What is NRPlus, you say? I thought you’d never ask!

NRPlus is the new gateway portal that allows unlimited access to our premium magazine content that was previously paywalled. Okay, so maybe you are thinking, “Cool dude [sarcasm], you are just renaming your subscription product.” But alas, you would be wrong! NRPlus will offer members archived content from our print publication, podcast shows, cartoons, and, as we begin to roll them out over the coming months, video shows.

But wait, there’s more! NRPlus also offers you, the community, the ability to engage in the exchange of healthy and lively debate (respectful, too, let’s keep it PG — err — 13 here, people!) through a custom-built and awesomely powerful commenting tool onsite, in addition to an invitation to a bustling private Facebook group.

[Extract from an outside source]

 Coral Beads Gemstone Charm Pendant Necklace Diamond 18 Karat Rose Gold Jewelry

Yes, no longer will the trolls of the digital ecosphere be able to muddy our pages and offend our community with verbal diarrhea and potty mouths!

But that’s not all, folks! The NRPlus community will also get to listen in on quarterly conference calls featuring live interviews and conversations with writers, editors, and other thought leaders across our community. That’s right, you can actually experience the editors and contributors agreeing (or disagreeing) with each other before content is penned — which also means you’ll be getting early insights and hearing analysis and opinions straight from the editors’ mouths!

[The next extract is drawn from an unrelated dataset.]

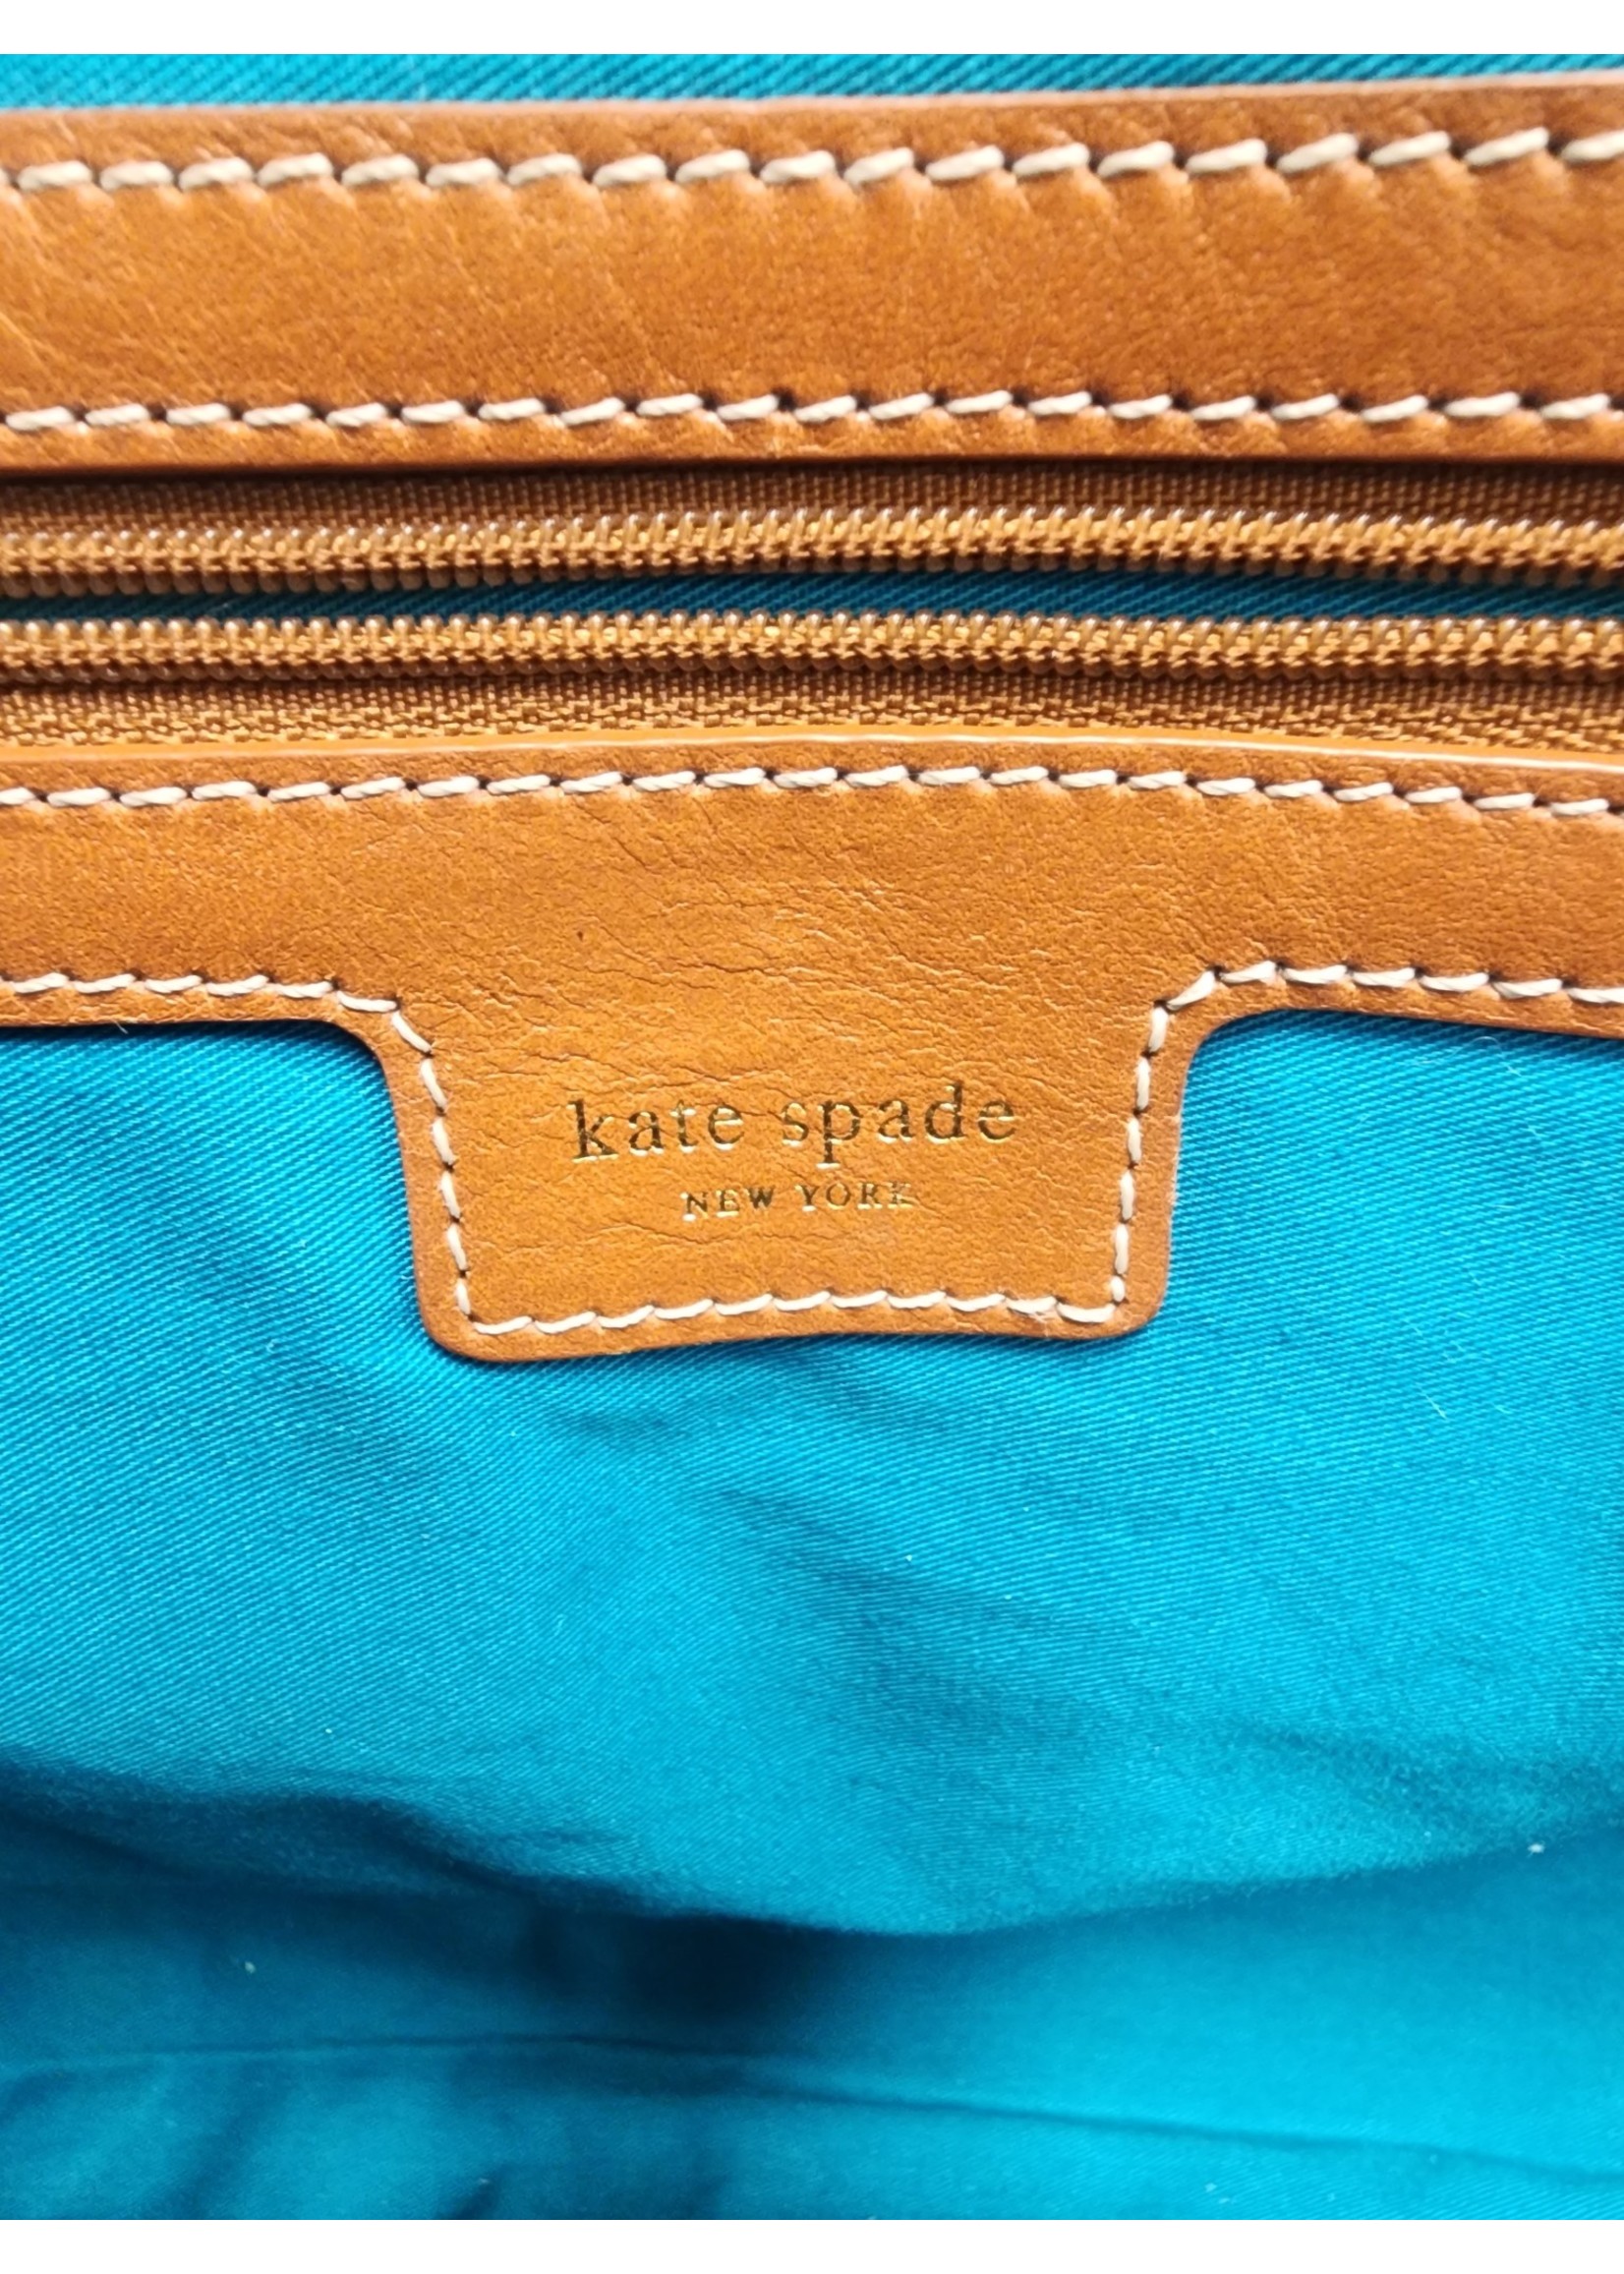 Kate Spade Purse Tote Handbag Tan Camel Pebbled Leather Gold Accents,  Tassels | eBay

Oh, wait! I am not even close to done: There’s more! Do any of you, by chance, dislike advertisements, such as “in-content-video,” following you all over the Web, often shifting content around as you try to read? Or maybe you just can’t stand those silly, at times salacious, content recommendations at the bottom of every page. NRPlus members will also see barely any ads, with up to a 90 percent reduced ad experience (it’s actually, at times, a lot more than 90 percent, but I didn’t feel like getting the lawyers involved), including the removal of in-content video and offsite content recommendations (you might have come to know these as “click-bait”).

You thought that was it? Nope! The NRPlus members will also receive early access and discounts to NR events, and coming soon, our eStore, which we plan to stock full with books, National Review paraphernalia, and more!

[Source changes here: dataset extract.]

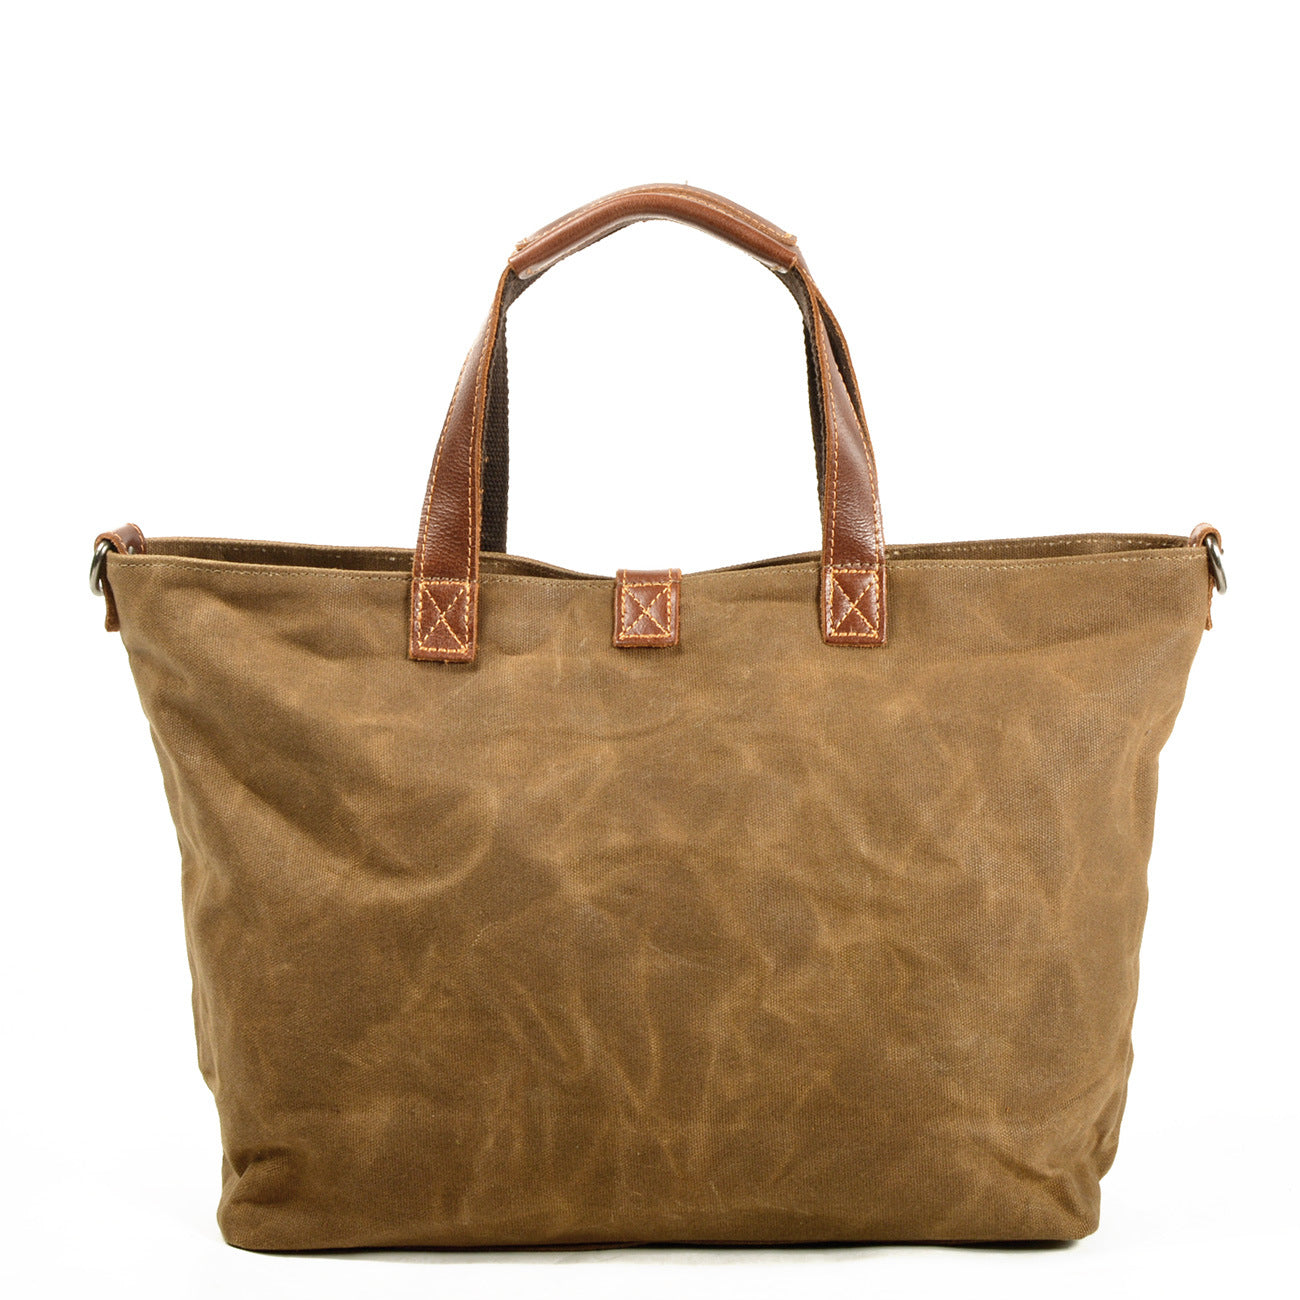 Vintage Waxed Canvas Tote Handbags for Women 9706-Handbags-Khaki-Free Shipping Leatheretro

Okay, so now that’s it. You got me — I’m spent! But this is just the beginning. We don’t just have hopes; we have actual plans to continue to grow the NRPlus community and the value proposition of being an NRPlus member.

Okay, enough of me! Get joining the NRPlus community by subscribing here. Not sure you are ready to make the leap to membership yet? We get it. So, start reading. And watching. And listening. Our metered paywall will indicate what is “locked” content and how much free sampling you are able to consume of it each month via a bar at the bottom of those pages. Original online content will remain free and open as it always has been before.

Last, but certainly not least, seeing evolve into this next iteration has been an incredible process and has required an enormous cross-company team behind all of our design, innovation, and implementation efforts. This team has undertaken this endeavor with enthusiasm and care. I’m going to list some of them here, because they are so awesome: Alley Interactive, BlueConic, CDS Global, ProCirc, JW Player, Chris McEvoy, Jarreau Weber, Ryan Molly, Grant DeArmitt, Scott McKim, Dan Rudolf, Chris Gaine, Russ Jenkins, Jim Fowler, Kevin Longstreet, Jim Kilbridge, Katherine Howell, Charlie Cooke, and Rich Lowry. Of course, I also want to give a huge shout out to all those who made this possible from NR, NRI, and beyond, especially our donors, board members, and anyone else I may be leaving out here.

From all of us here at National Review, thank you, thank you, thank you, a million times thank you to all of you who have stuck with us through the years, attended our events, donated to our cause, and shared us with your friends and family. We love you all, and cannot wait to continue improving National Review and proving why is the place to be for all conservatives (and anyone who wants to keep up with what conservatives think).

Welcome all, and as my colleague Charles C. W. Cooke likes to say, “Cheers!”